What you will do | Word for word, repeat the data; no picture should appear in the result.

───── Stored data

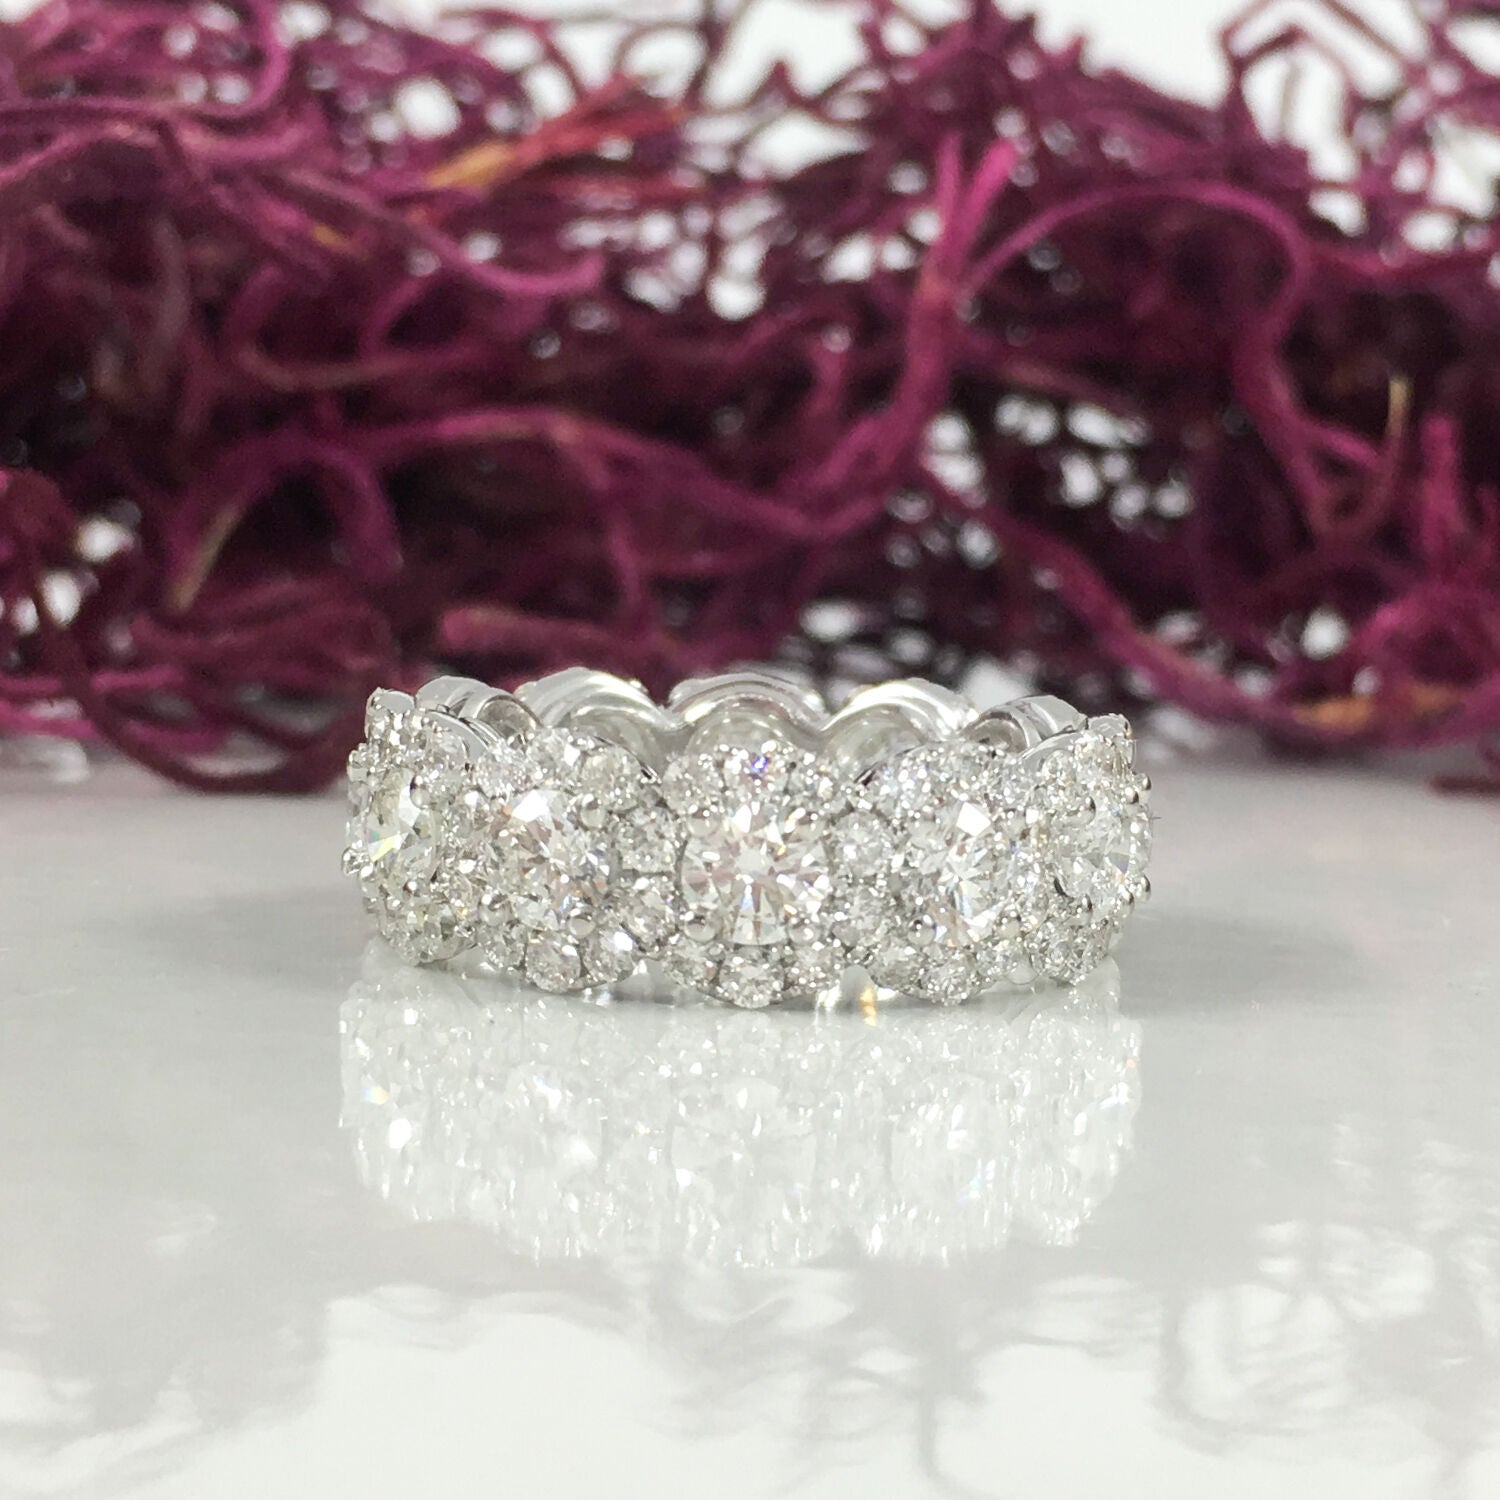 12 center diamonds (0.17 CT / 3.6mm each) and 96 side diamonds (0.02 CT / 1.8mm each) halo eternity engagement ring in 18k white gold. The ring is designed and handmade locally in Los Angeles by Sage Designs L.A. using earth-mined and conflict free
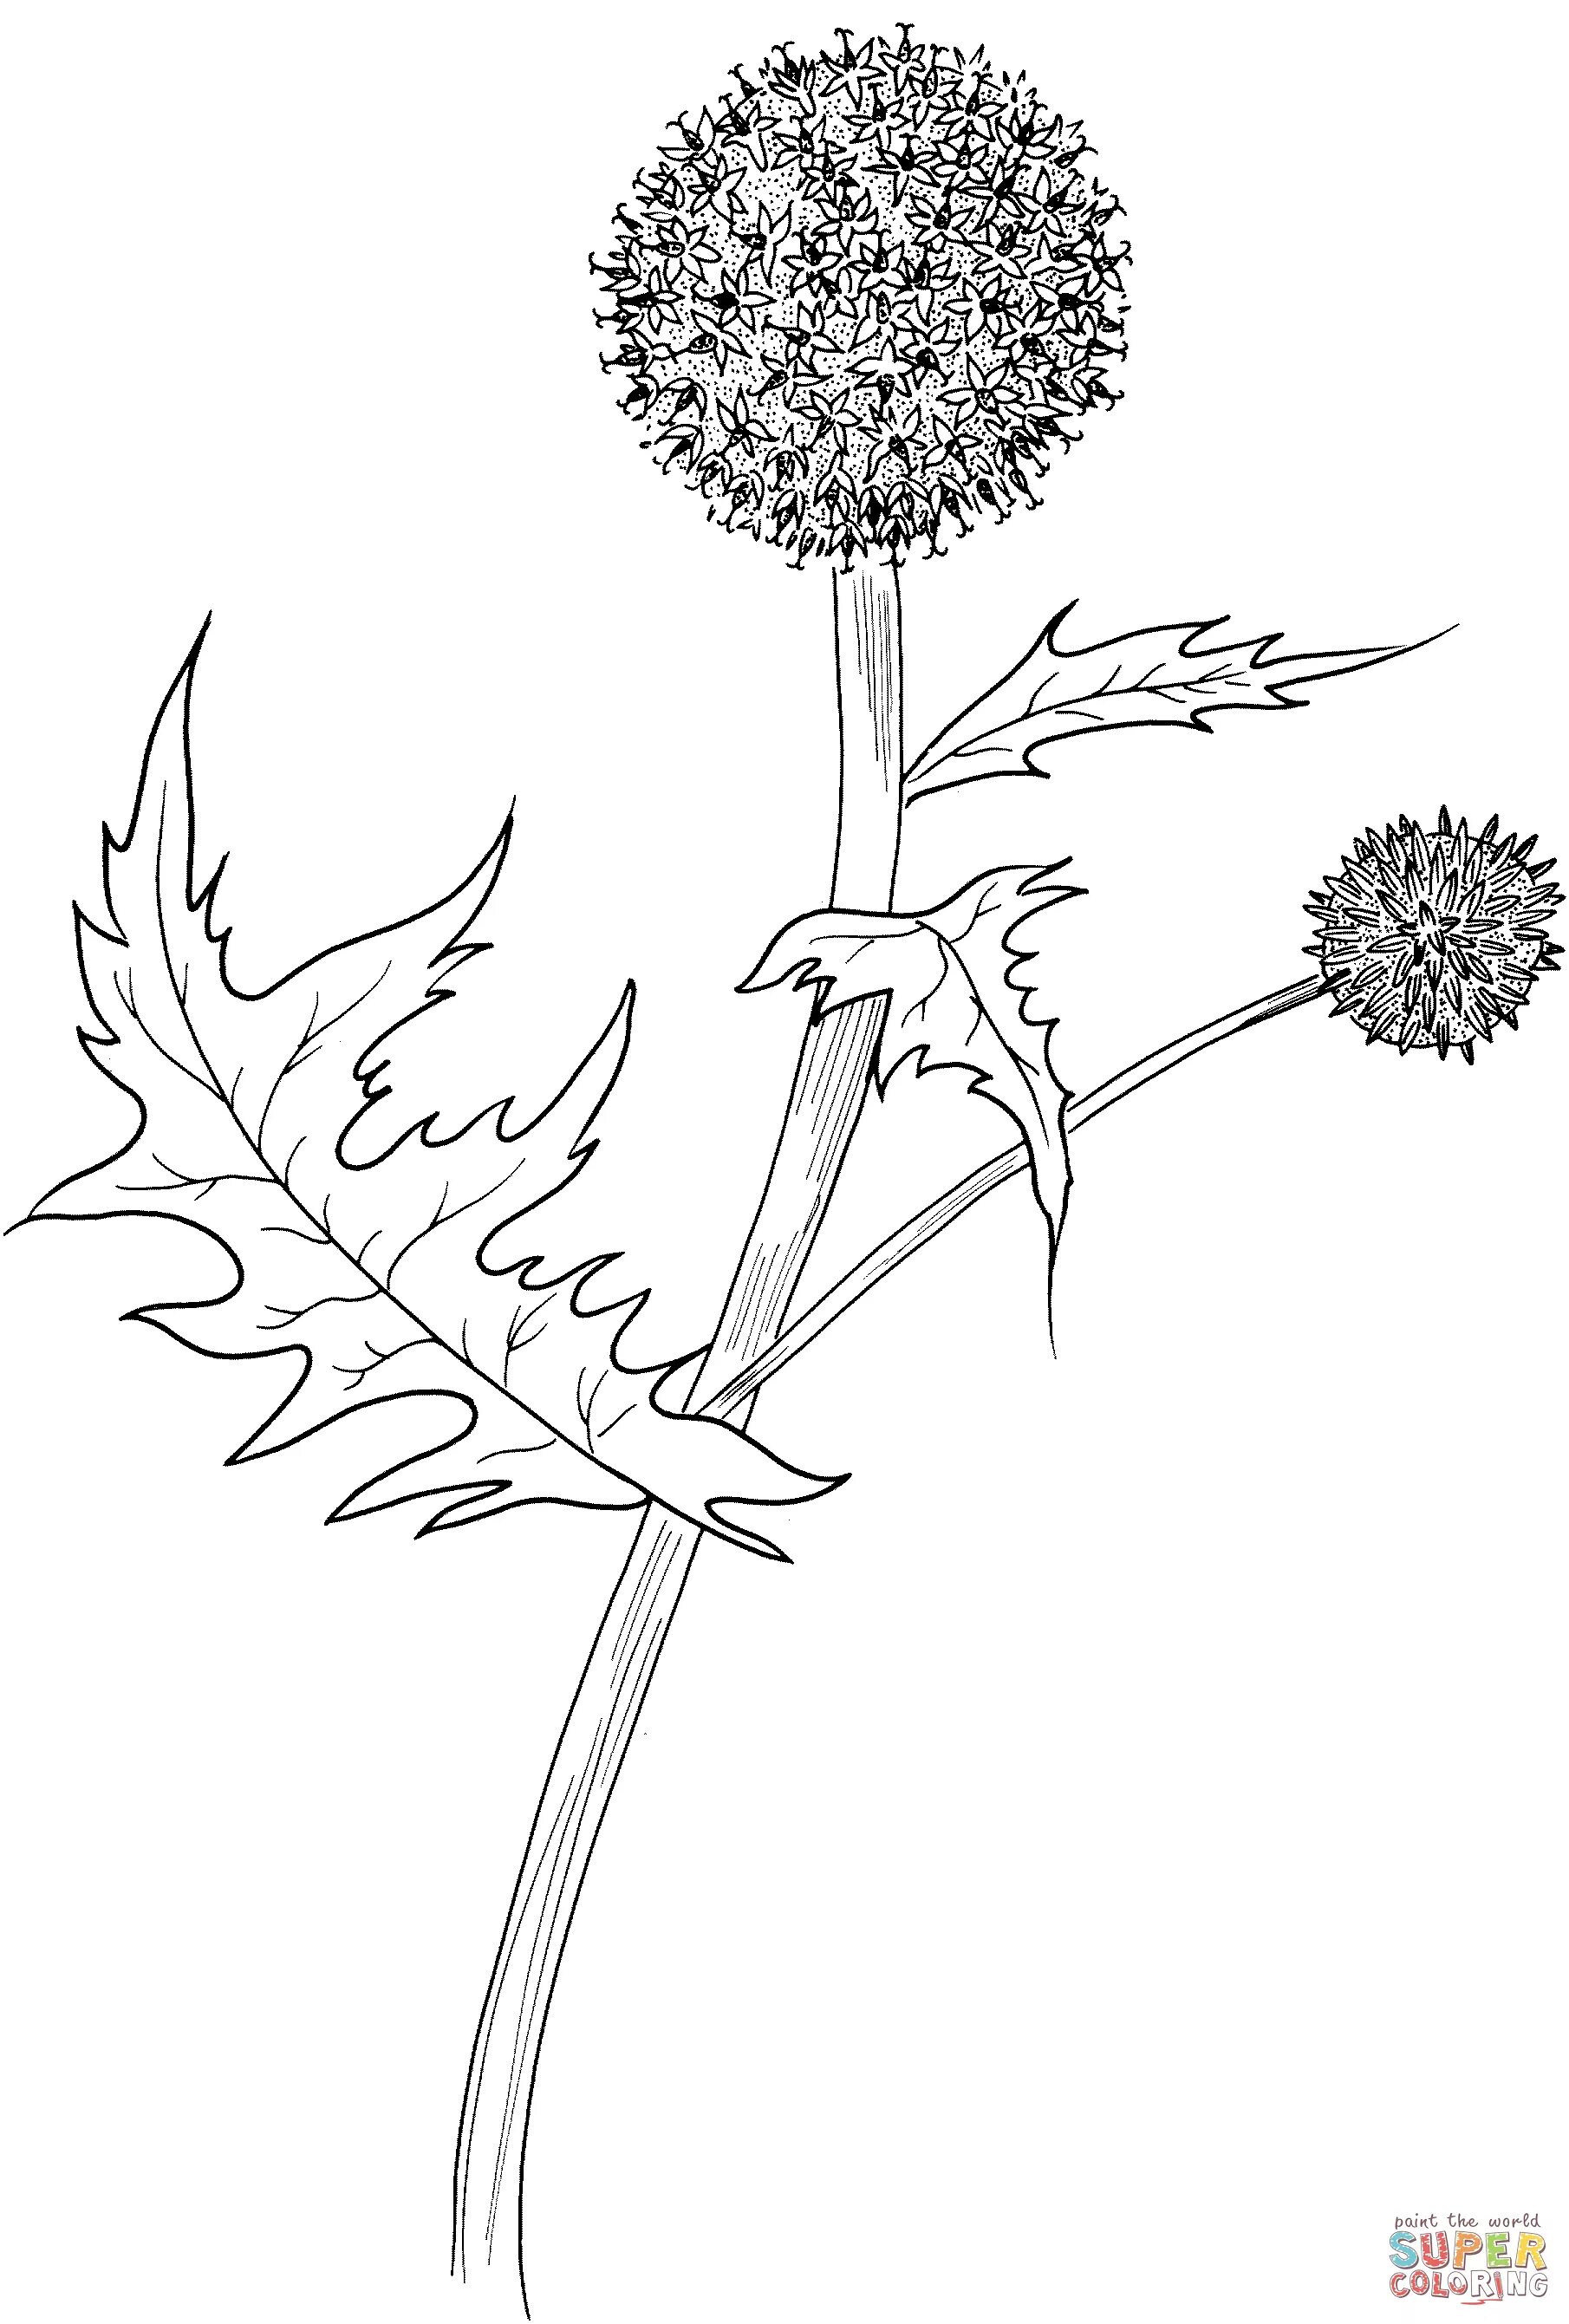 Non-traditional thistle coloring
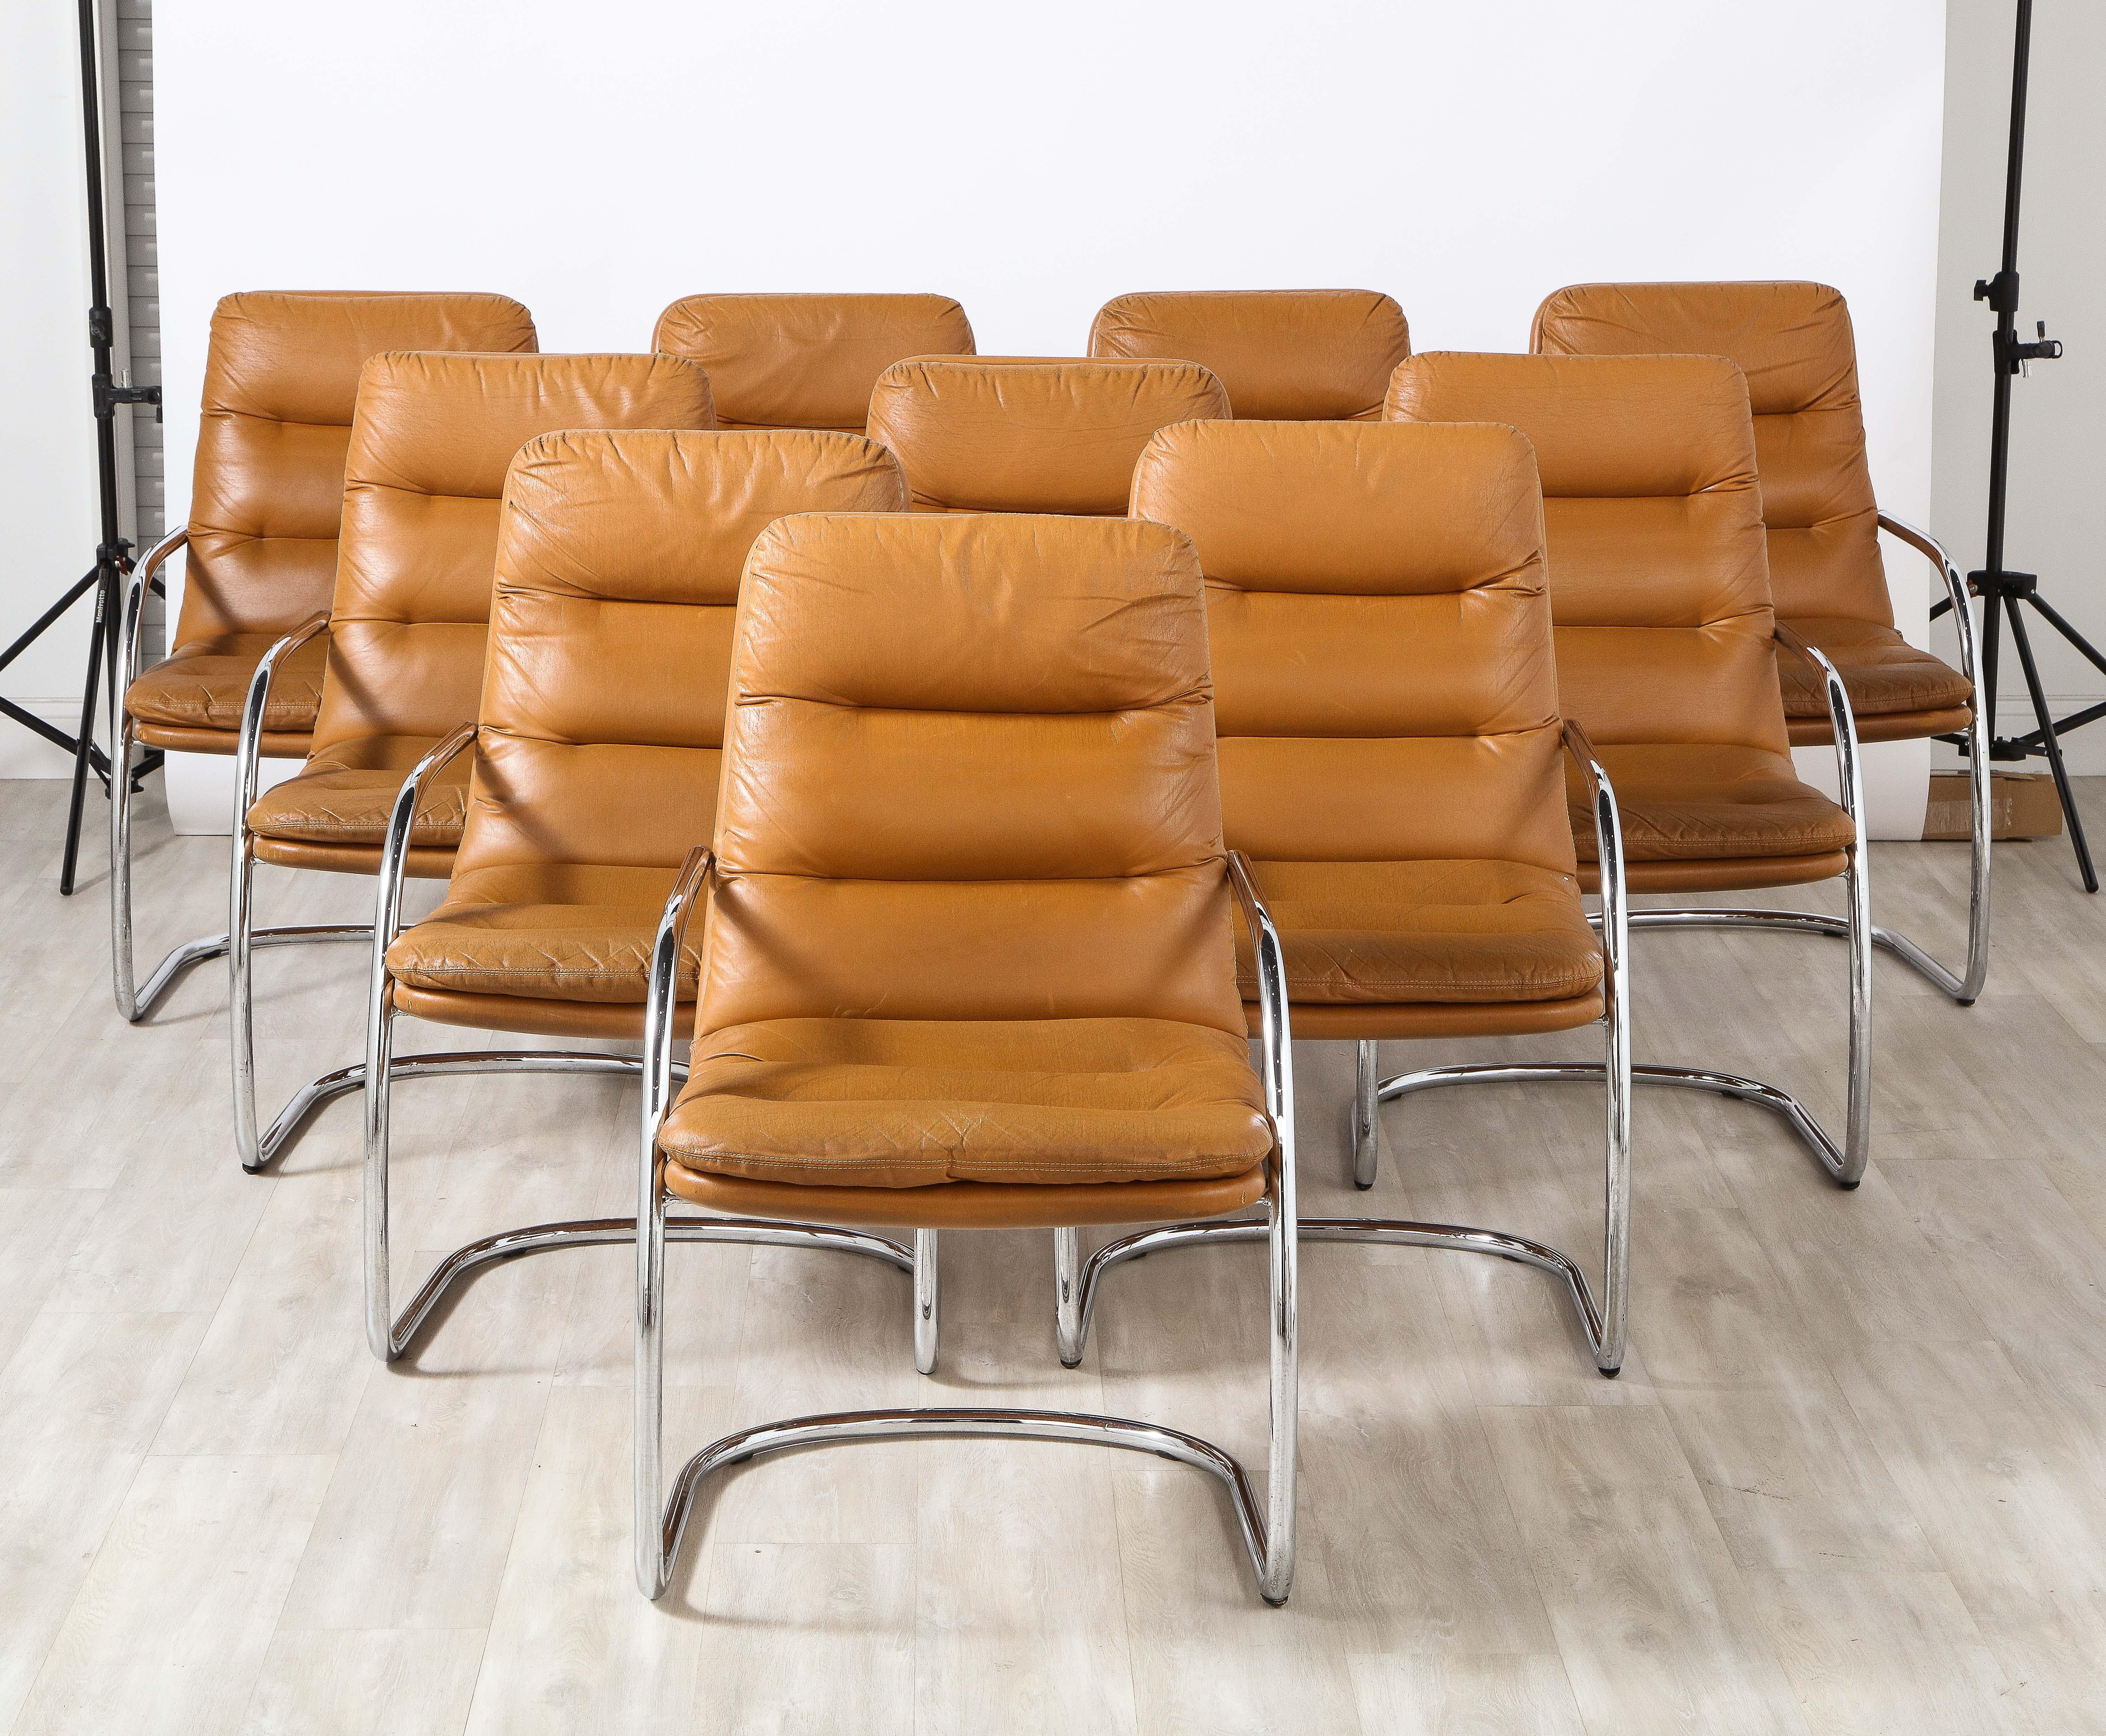 A set of ten armchairs in beautiful caramel leather with polished chrome frames. The seats and backs are covered completely with the rich and supple caramel colored Italian leather and are attached to graceful polished steel tubular frames. Perfect

──────────

Solution to this task |
 12 center diamonds (0.17 CT / 3.6mm each) and 96 side diamonds (0.02 CT / 1.8mm each) halo eternity engagement ring in 18k white gold. The ring is designed and handmade locally in Los Angeles by Sage Designs L.A. using earth-mined and conflict free
 Non-traditional thistle coloring
 A set of ten armchairs in beautiful caramel leather with polished chrome frames. The seats and backs are covered completely with the rich and supple caramel colored Italian leather and are attached to graceful polished steel tubular frames. Perfect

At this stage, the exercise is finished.